気は心や体を動かすエネルギーのようなもので、心身を活動的にしたり、新陳代謝を促したり、様々な『動的活動』に関わります。毎日元気に活動的に生活できるのも、気が充実しているから、と言えます。
疲労状態になることを、漢方では『気虚(気が虚している)』と言います。
今回のケース、SNSによる誹謗中傷が『外邪』と考えると、充実した気があれば、外邪を跳ね返す事が可能ですが、
気が不足していると、外邪による攻撃を跳ね返すことが出来ず、心をダイレクトに攻撃されてしまいます。

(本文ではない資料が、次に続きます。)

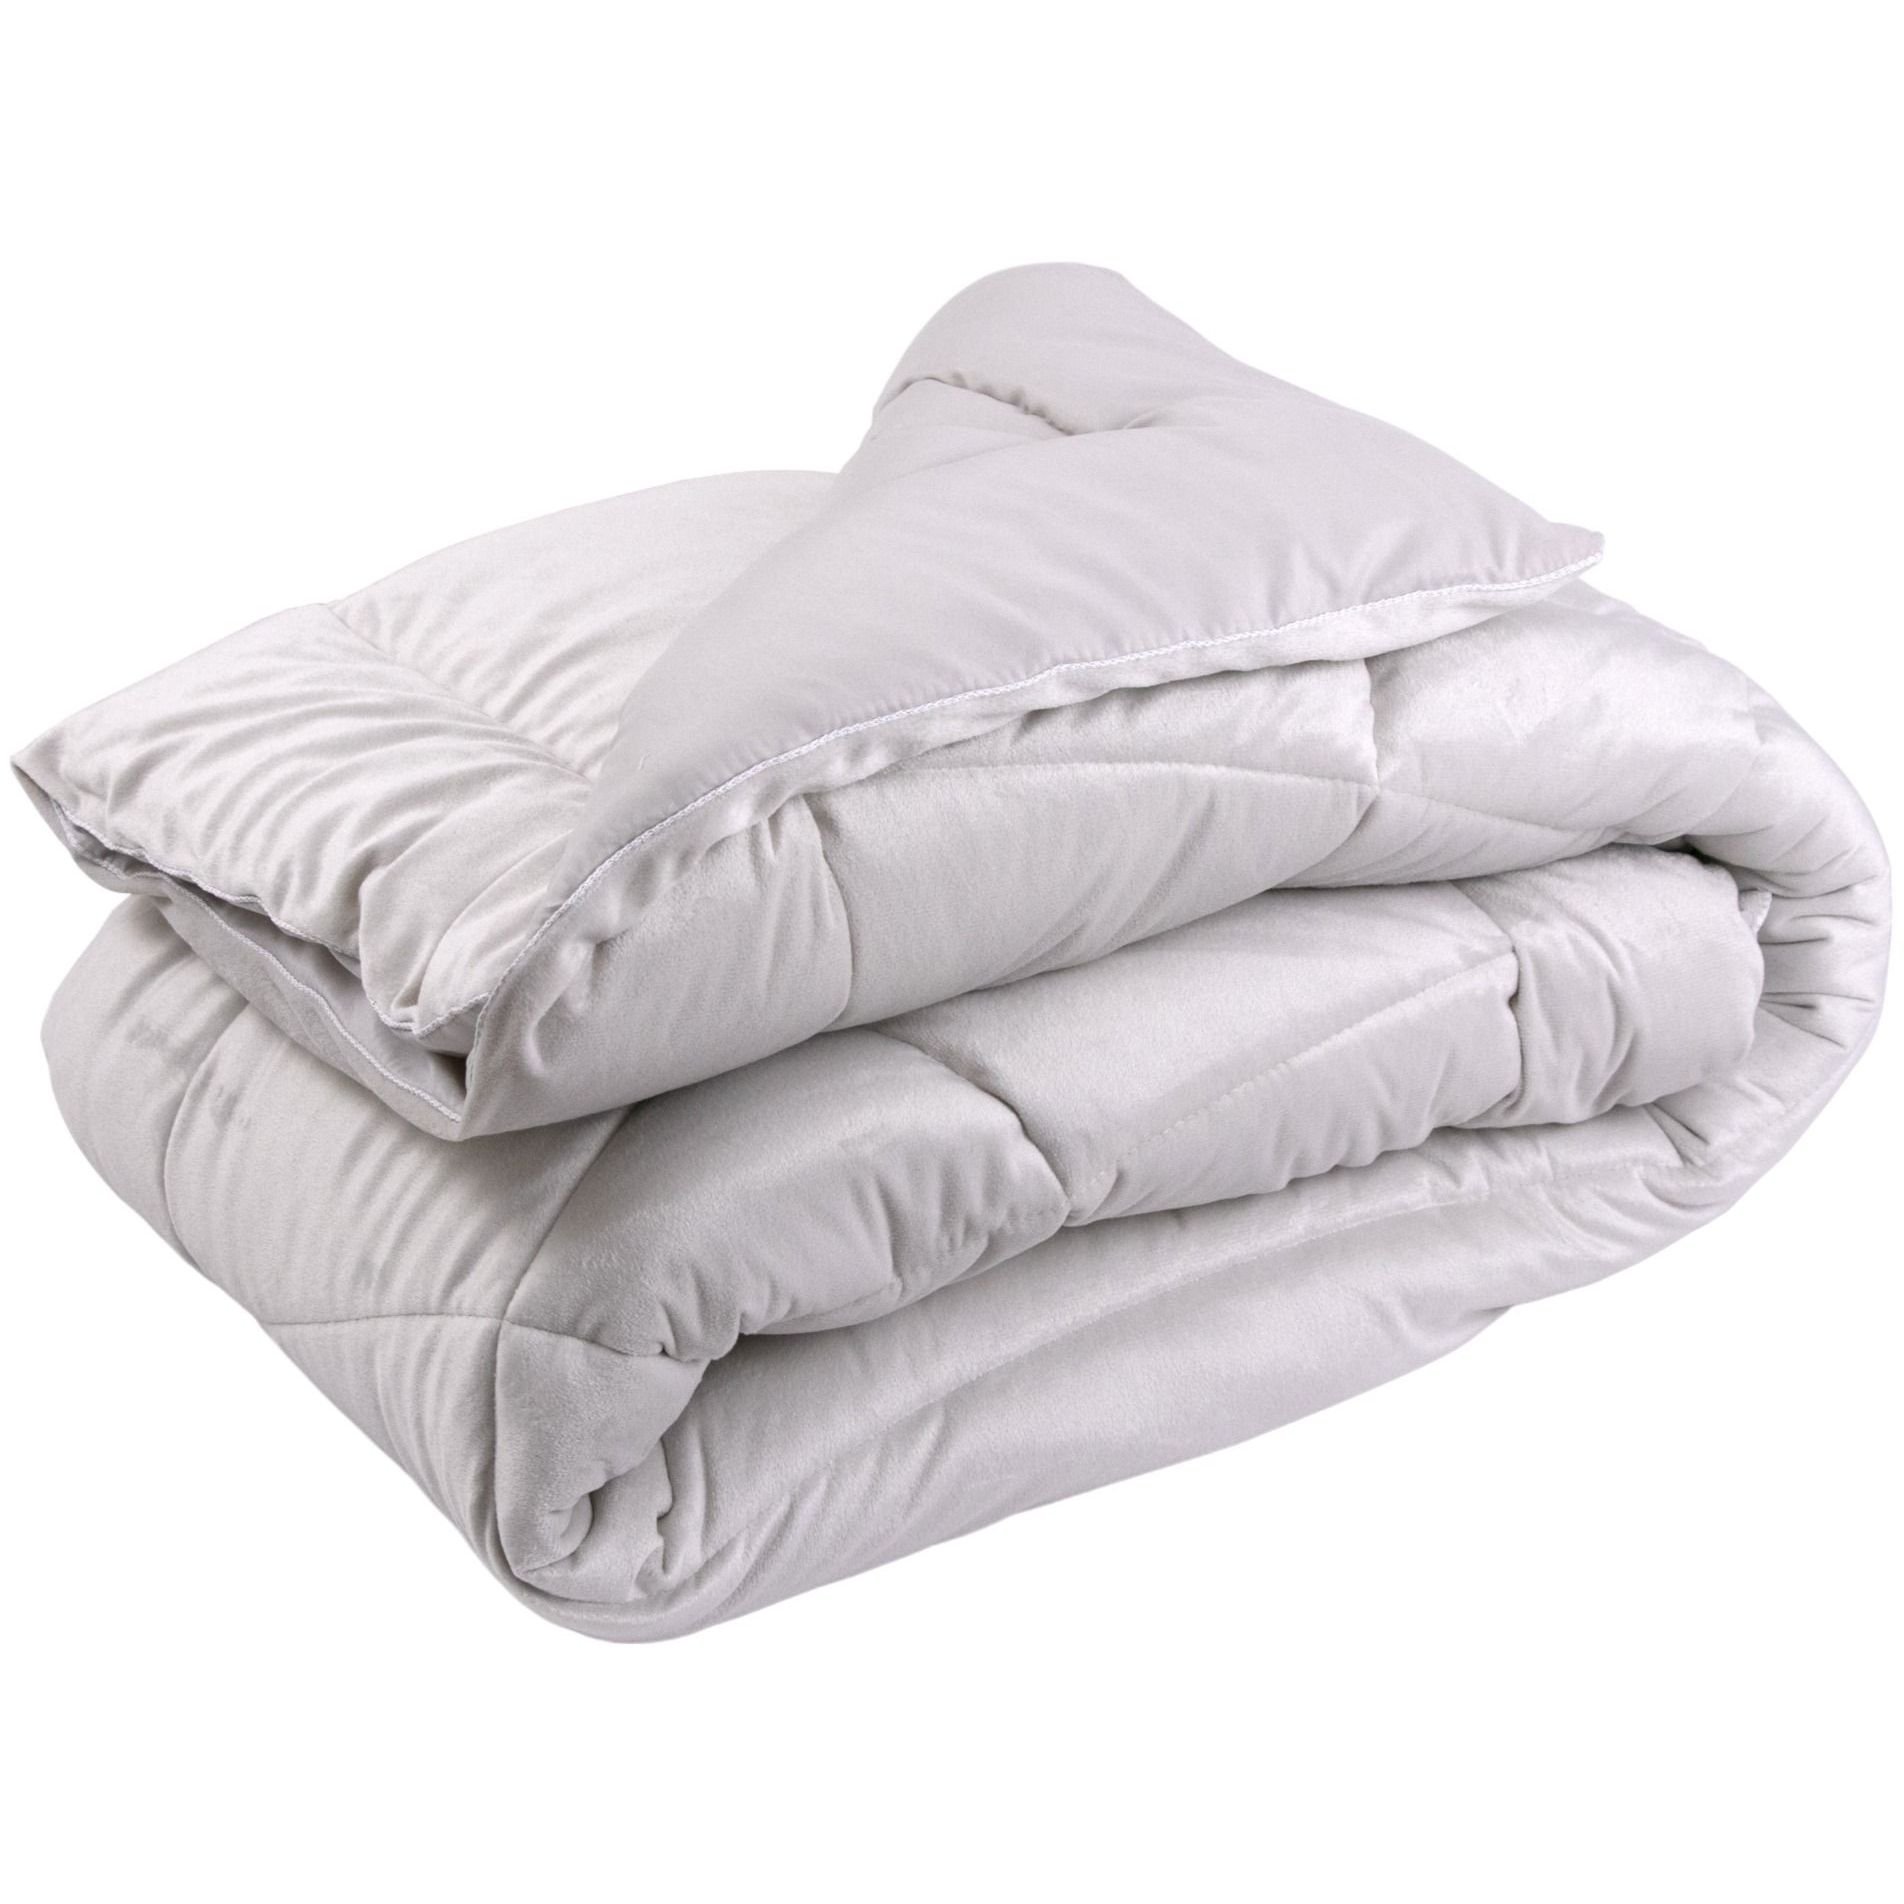 Одеяло велюровое Руно Soft Pearl с силиконовым наполнителем, 200х220, бежевое (322.55_Soft Pearl) - фото 1

私が推測するに、SNSが引き金となって自殺や体調不良を招いてしまう人は、心身の疲労状態が根底にあるのではないか?と考えます。
睡眠不足や無理なダイエット、過労など気を消耗する要因は現代に多くあります。
ちなみに、日本語には『気が強い人』という言葉あります。
まさに、何かトラブルがあると攻撃的に反撃したり、心が折れない人の事を指す言葉ですね。

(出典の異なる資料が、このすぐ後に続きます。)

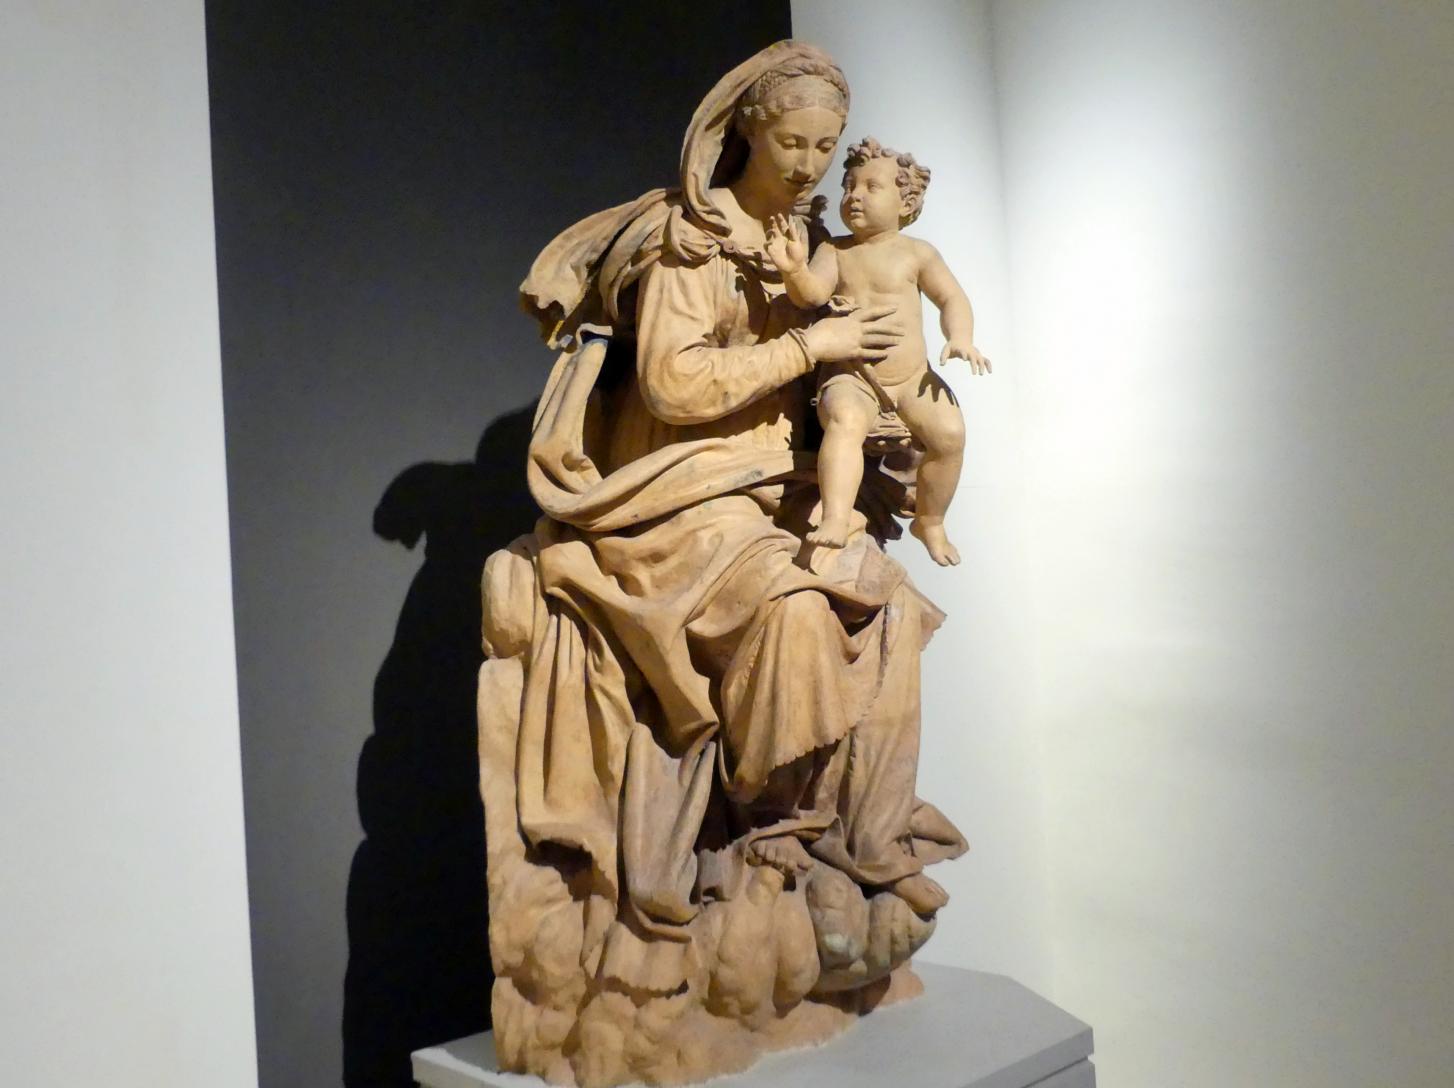 Antonio Begarelli (1529–1540), Maria mit Kind, Modena, Chiesa San Salvatore (am 13. Mai 1944 zerstört), jetzt Modena, Galleria Estense, Saal 11, um 1540, Bild 2/5

気は日々のあらゆるストレスから心身を守るうえでとても重要なものです。
もし、周りに疲労状態の人がいたら、間違っても攻撃的な言葉をぶつけないでください。
疲労状態の人は気が弱っていますから、反撃することもできず、まさにサンドバック状態です。
そんな反撃しないと分かっている人を攻撃するのは、卑怯極まりありません。
SNSは相手の状況が分からず、匿名性もあるため、相手を傷つけるようなメッセージを送るハードルが低いのかもしれません。
しかし、気が弱っていて、ちょっとでも押したら倒れてしまいそうな状況の人には、心無い攻撃が死に追いやるナイフになる事もあります。

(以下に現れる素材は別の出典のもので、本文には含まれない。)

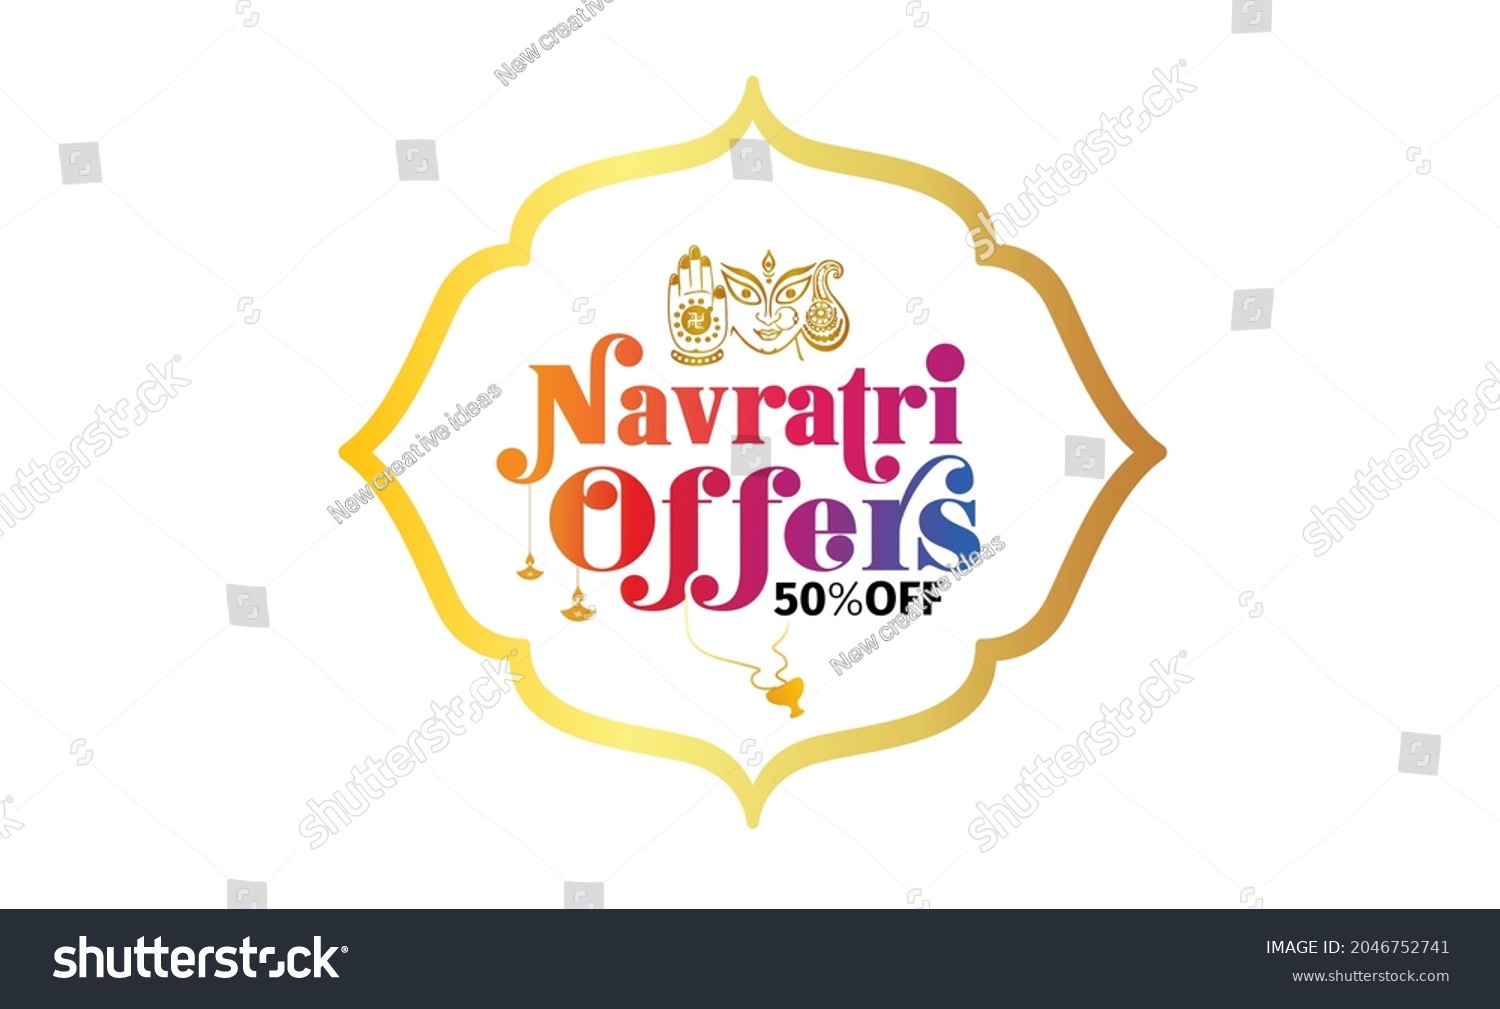 SVG of Durga Puja Navratri festival sale offers banner background svg

SNSで相手を攻撃するようなことはしないようにしましょう。
また、普段からストレスや攻撃に打たれ弱いと感じる人は、気が弱っている(気弱な人)可能性があります。
性格の問題ではなく、気が不足している、いわば体調不良なので、心当たりがある人は気を増やす食事や生活、漢方薬を一緒に考えていけたらと思います。
何かとストレスの多い人生です。
気を補って、外邪に攻撃されても『なにくそ!』と反発できるメンタルを持ちたいものですね。